Год кометы — страница 8 из 47

А в комнате были большой стол с бумагами, деревянным грибом для штопки, на который натягивался порванный носок или чулок, бархатной подушечкой для булавок; плетеные короба с обрезками тканей, старая швейная машинка-сундучок, книги, настольные игры, всегда лежащие наготове для меня. Все это было таким изученным, таким надежным, занимало одни и те же, раз и навсегда определенные прежде моего рождения, места, что казалось: жизнь так и протекает год за годом, все прочнее прикрепляя вещи и людей к их положению, доброжелательно и как-то не вполне по-настоящему старя их.

И только миниатюрные, как японские нэцкэ, три лягушки значили что-то другое. Порой, когда никого не было дома, я садился напротив них и смотрел, пытаясь понять их в целом, именно как тройственную статуэтку, три слога одного слова. И чудилась в них какая-то застарелая мука, болезненное колотье, от которого медленно трескается, облупляется глазурь на фарфоре.

Однажды в зимние каникулы я маялся бездельем, выздоравливая после тяжелого гриппа с высокой температурой. Еще чувствуя, видно, в себе остаток жара, я взбудораженно ходил по комнатам, чего-то ища, брал первые попавшиеся под руку вещи, крутил их, переставлял с места на место, искал какое-то их сочетание, — отмычку, которая выпустила бы меня из болезни на волю. Не нашел, и, уставший, раздраженный, включил телевизор — в каникулы с началом сумерек для школьников показывали приключенческие ленты.
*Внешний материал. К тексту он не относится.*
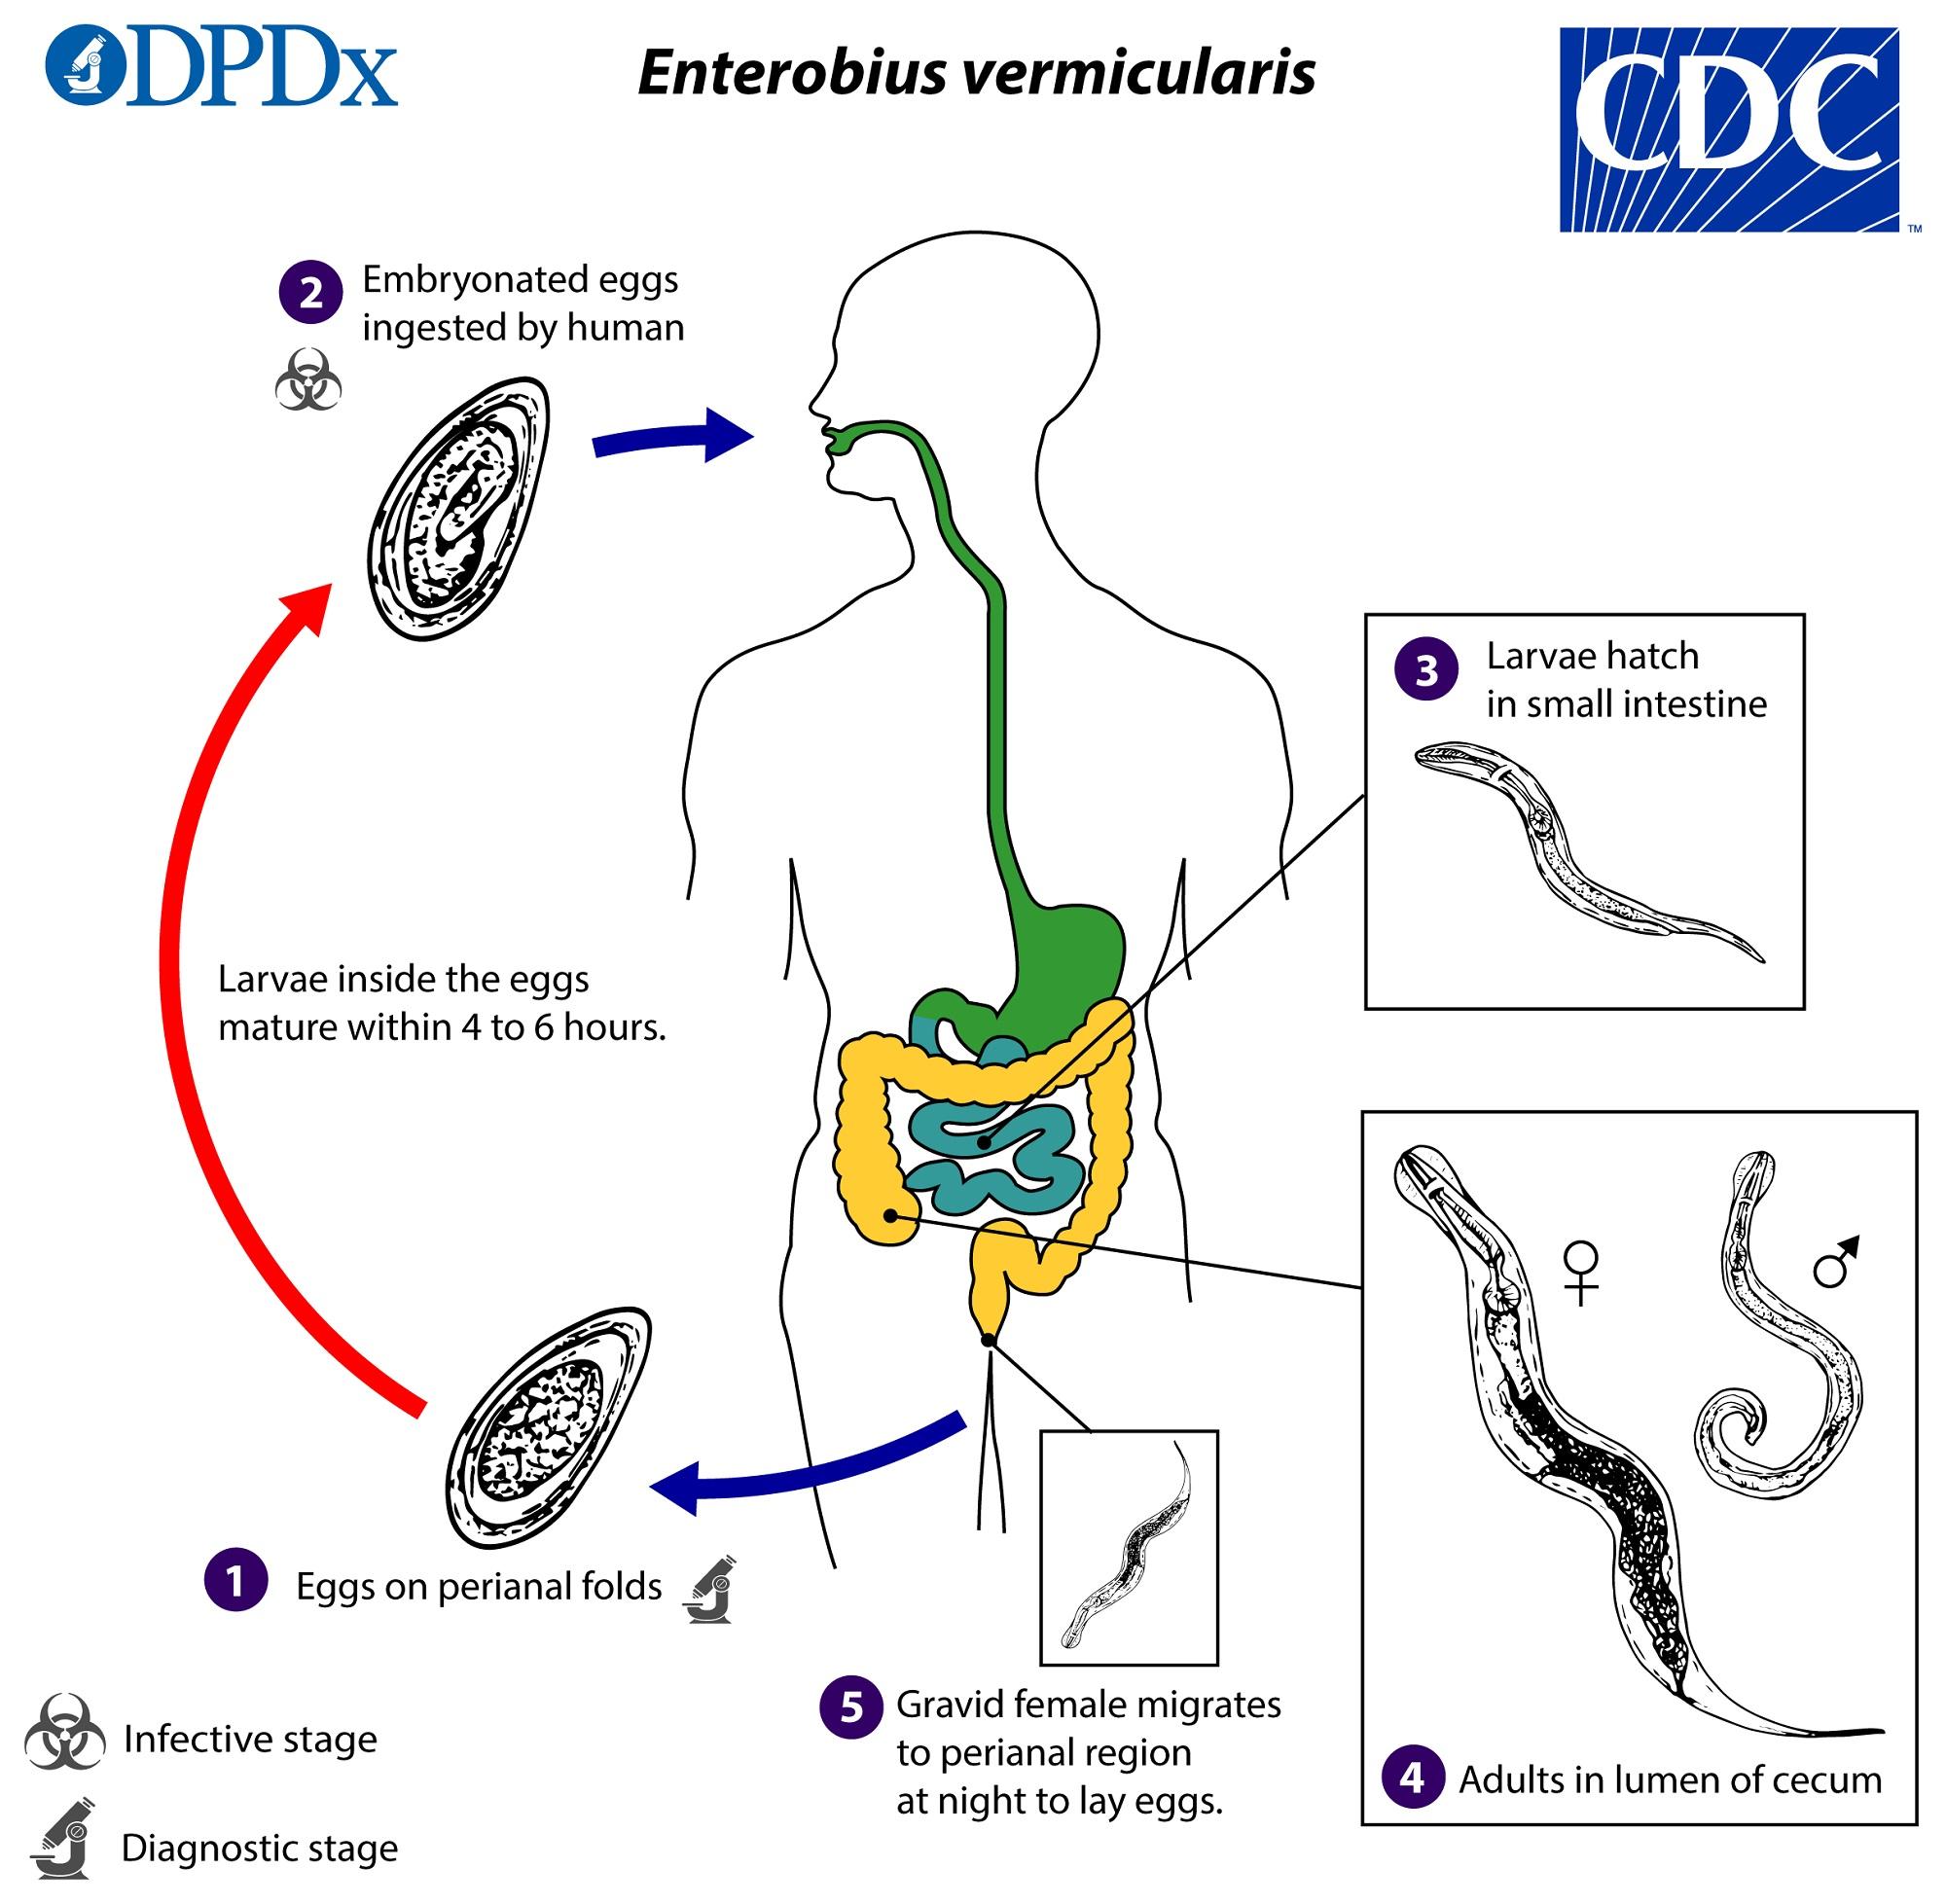 enterobiasis epidemiology papillon zeugma villa

Я уже не помню, что это было за кино — один из многочисленных советских фильмов про наших разведчиков на Западе, снимавшихся примерно на одних и тех же улицах Таллинна или Вильнюса. Угорелый от стрельбы и схваток, еще переживающий погоню и перестрелку в финале, я снова стал ходить по квартире, оказался в бабушкиной комнате, и взгляд мой уперся в трех фарфоровых лягушек на краю стола.
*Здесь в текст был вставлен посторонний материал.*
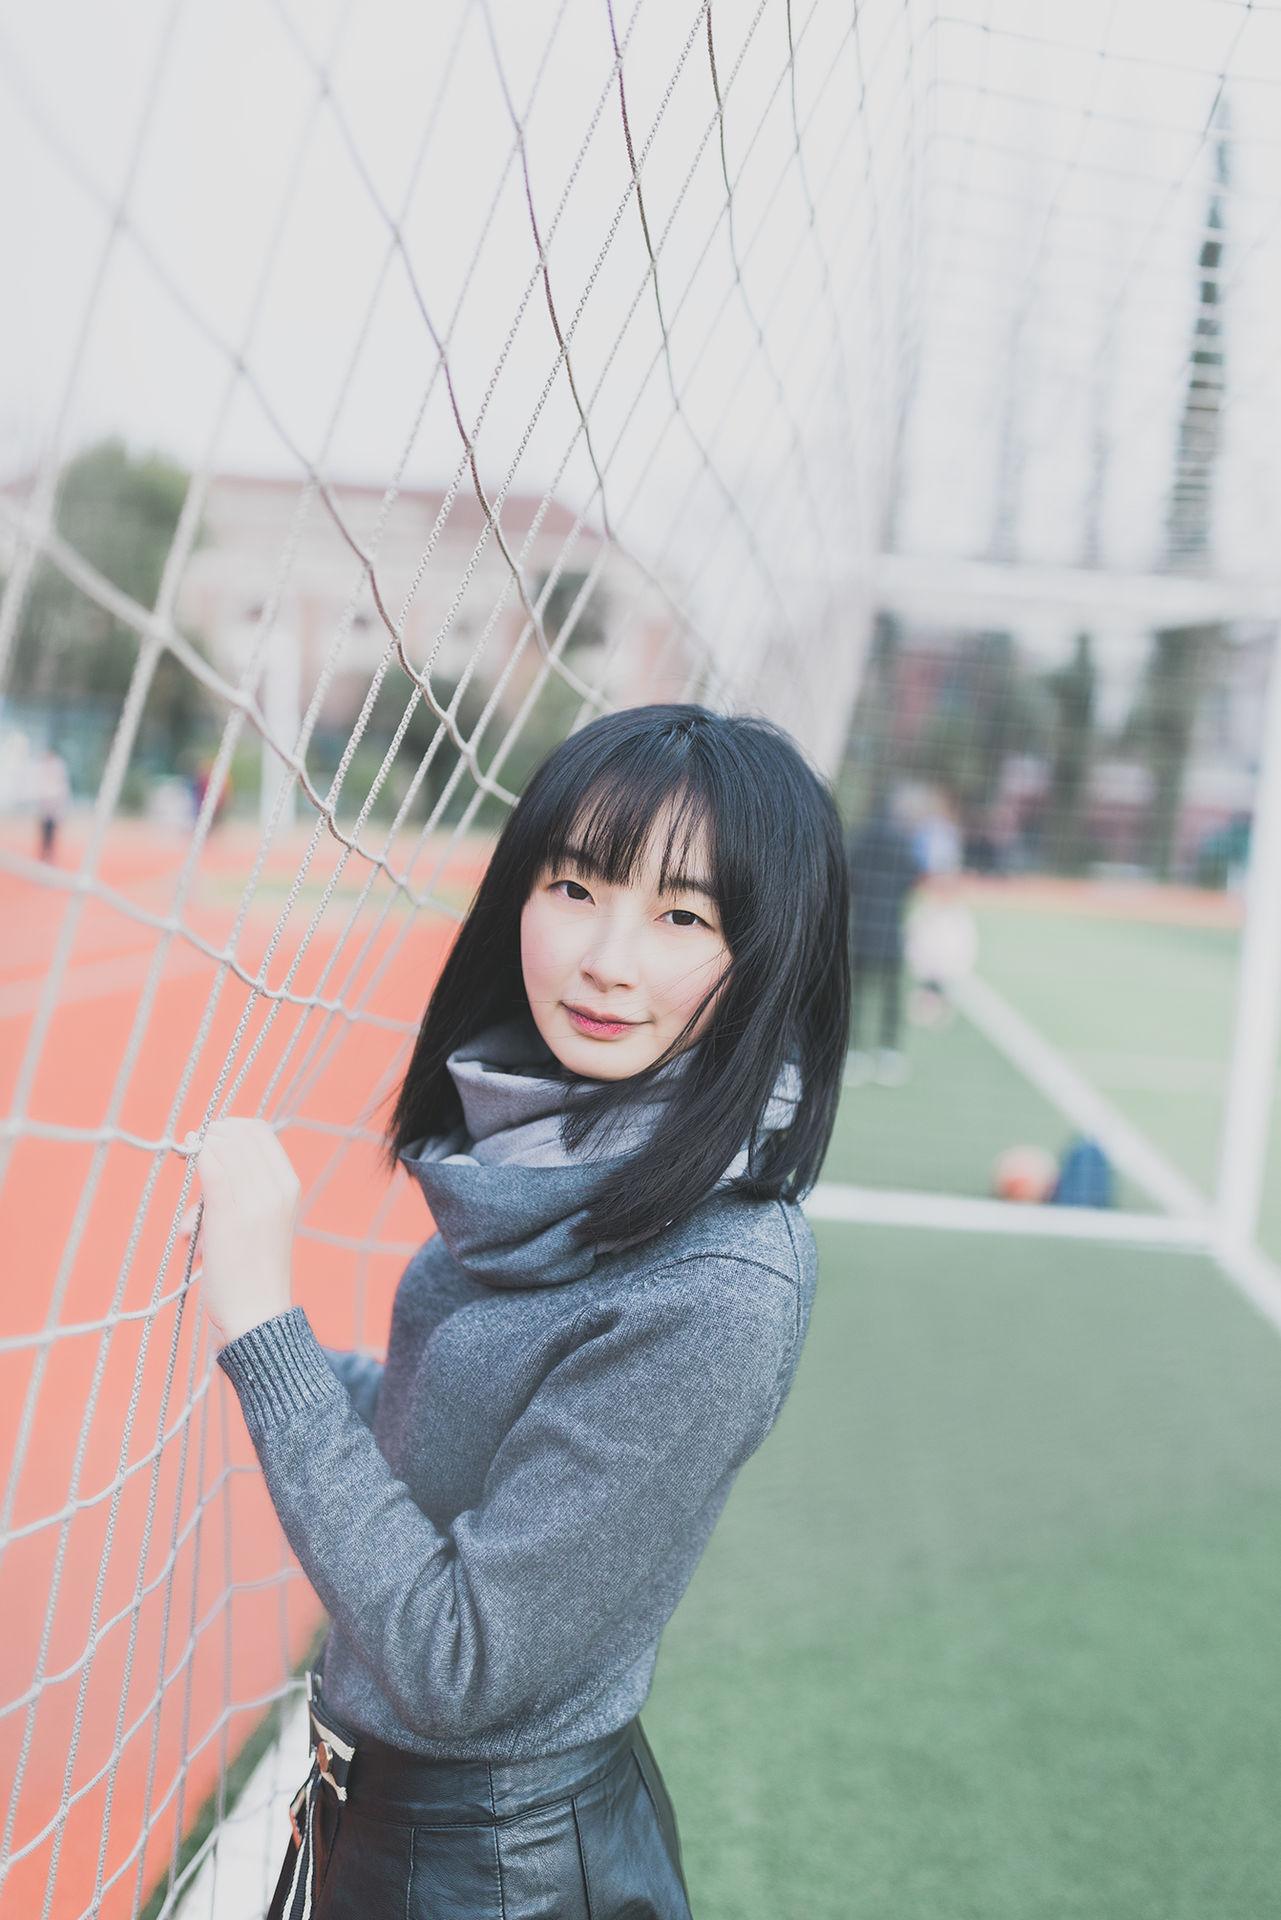 2019-01-20 交大武康JK风_摄影师郭小皓的返片

В шпионском фильме одна небольшая деталь — платок бежевого цвета в кармане пиджака, бутылка вина на столике в кафе, опущенное слева стекло автомобиля — показывает незримому наблюдателю, что явка провалена, операция сорвана, связи вычислены и кругом опасность, растворенная в безмятежности дня, любой прохожий может оказаться агентом контрразведки. Но знак этот должен быть предельно естествен, неприметен, чтобы ни один из тех, кто ведет слежку, не догадался, что это особый сигнал.

Внезапно с той же определенностью, как и герой в фильме, я понял, что три лягушки и есть такой сигнал. Бабушка Таня решилась подать его мне, показывая, как все живут на самом деле, — ничего не вижу, ничего не слышу, ничего не скажу. Моя интуитивная догадка о великих пространствах молчания получила второе после книги в коричневом переплете, книги без слов, предметное доказательство.
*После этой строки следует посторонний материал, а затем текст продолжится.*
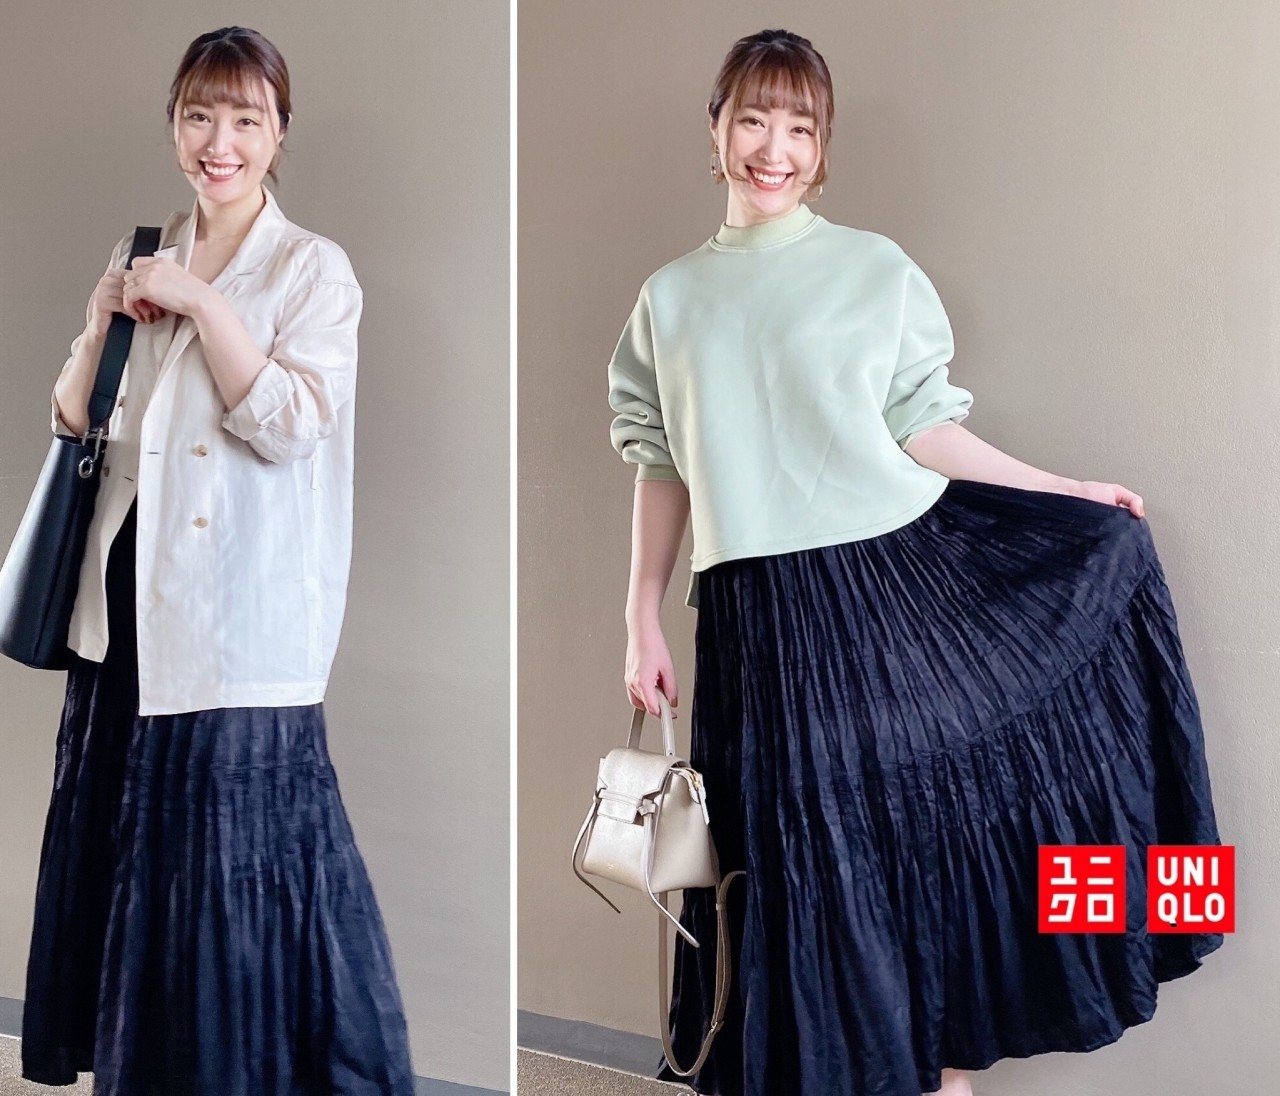 【ユニクロ秋冬】秋口まで使える◎新作プリーツスカートを着回し!

Я взял статуэтку и передвинул ее под лампу, чтобы (вполне в традиции шпионского кино) показать, что я обратил на нее внимание, прочел послание.

Вскоре домой вернулась бабушка Таня. Через некоторое время она зашла в комнату, где я читал, посмотрела на меня как бы мельком. Потом я прошел по коридору мимо ее комнаты. Три лягушки по-прежнему стояли под лампой, там, куда я их передвинул. А на столе перед бабушкой лежала та самая коричневая книга, раскрытая на первой, глянцево-белой странице. Бабушка расписывала на клочке бумаги шариковую ручку, готовясь начать строку. Но в ее позе не было решительности, бабушка то подносила ручку к верху листа, то откладывала прочь, брала другую, которая, может быть, не так пачкает; она будто знала, что первое же написанное слово бесповоротно обяжет ее продолжать.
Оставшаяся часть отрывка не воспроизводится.